Цвела черёмуха, пахло горько и сладко. Где-то за лесом, за Ошмой, гудело — на этот раз наша артиллерия, своя, долгожданная. Линия фронта катилась на запад, и Груне казалось, что ещё немного — и Глеб войдёт в калитку, такой же, как год назад, в пыльной гимнастёрке, с кривой усмешкой.
Она погладила живот — круглый, твёрдый, — и заплакала.
Впервые за долгое время — не от боли, не от ненависти, а от неизвестности.
— Что ты скажешь, Глеб? — прошептала она в вечернюю синеву. — Что ты скажешь?
За лесом грохнуло — близко, земля дрогнула. Наши шли.
*****
Май 1942 года. Западный фронт, лес под Ржевом
Глеб Кольцов отвык от тишины.
Там, откуда он пришёл, тишины не было вообще — только разрывы, стоны, мат, скрежет гусениц и свист «юнкерсов»

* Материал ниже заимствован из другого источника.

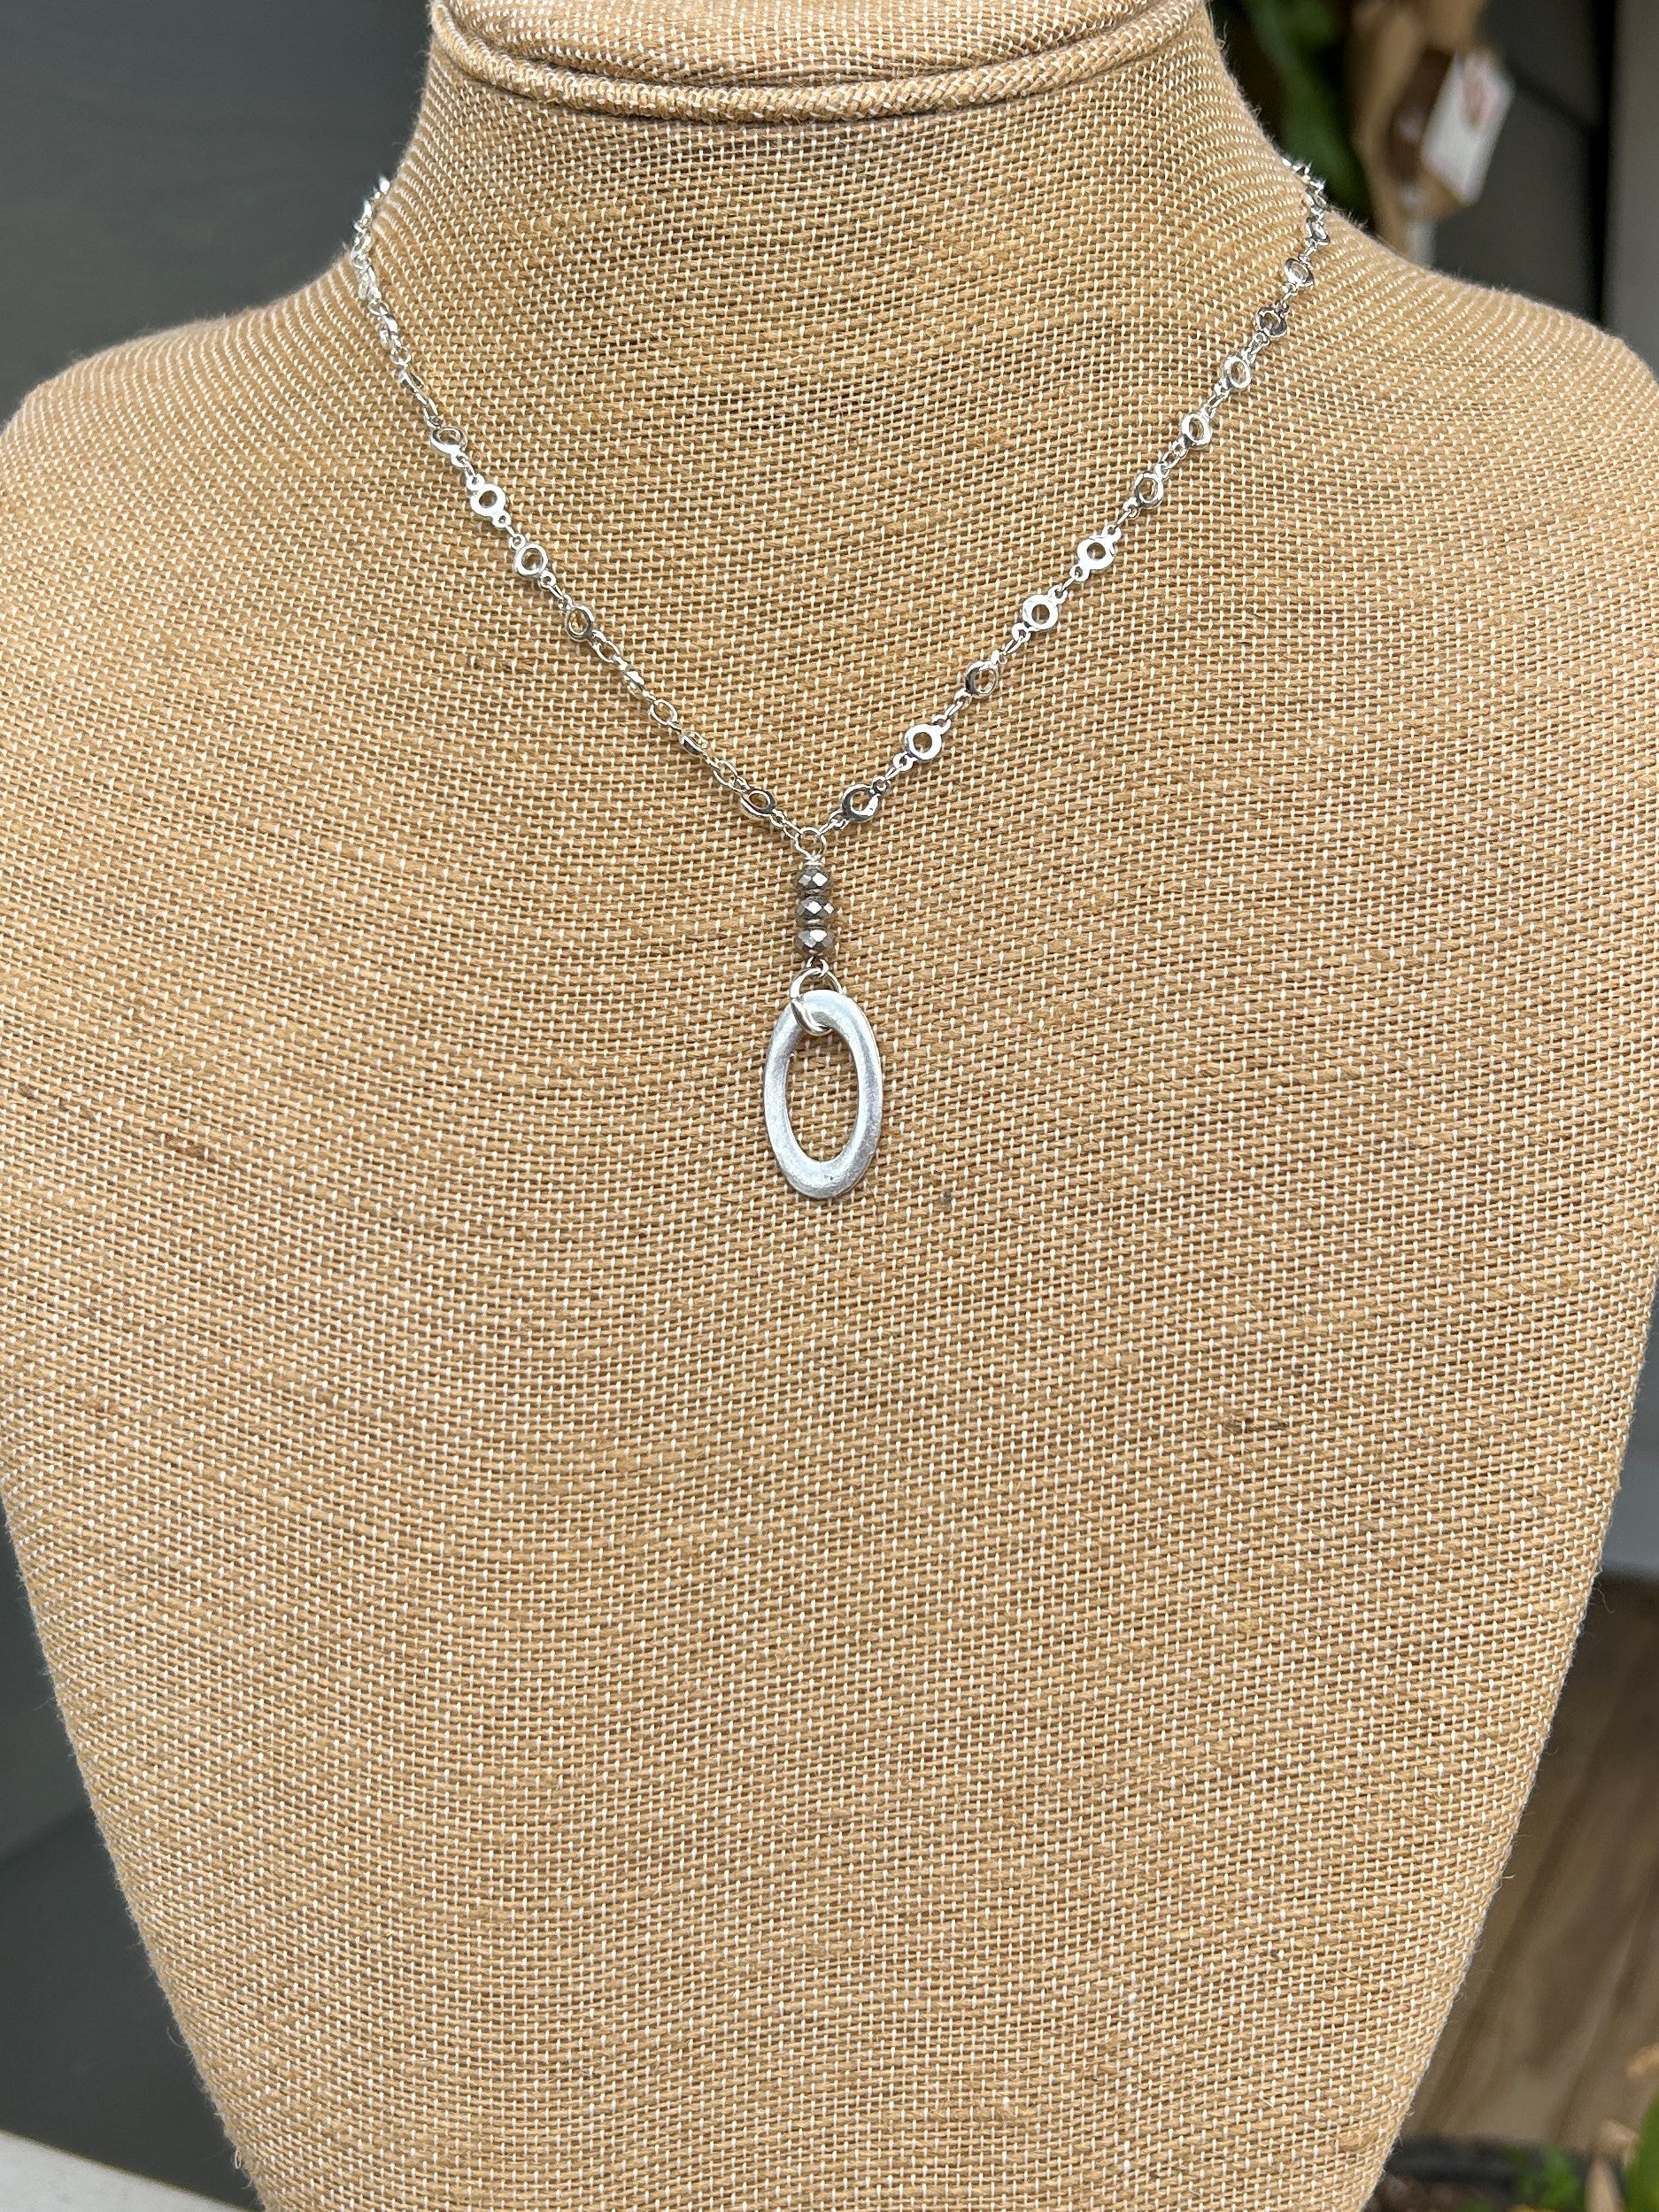 Unique Chain Necklace with Oval Drop

. Но здесь, в лесу, после ночного марша, наступила та странная, ватная тишина, которая бывает перед большим боем.
Даже птицы молчали.
Он сидел на корточках у сосны, привалившись спиной к шершавому стволу, и забивал махорку в самокрутку. Пальцы — толстые, с обломанными ногтями, в цементной пыли от минёрных работ, — дрожали мелкой дрожью. Не от страха.
От усталости.
— Кольцов, курить дай, — рядом присел Сенька Черепанов, двадцатилетний конопатый парень из-под Рязани, его напарник. — Мои все вышли.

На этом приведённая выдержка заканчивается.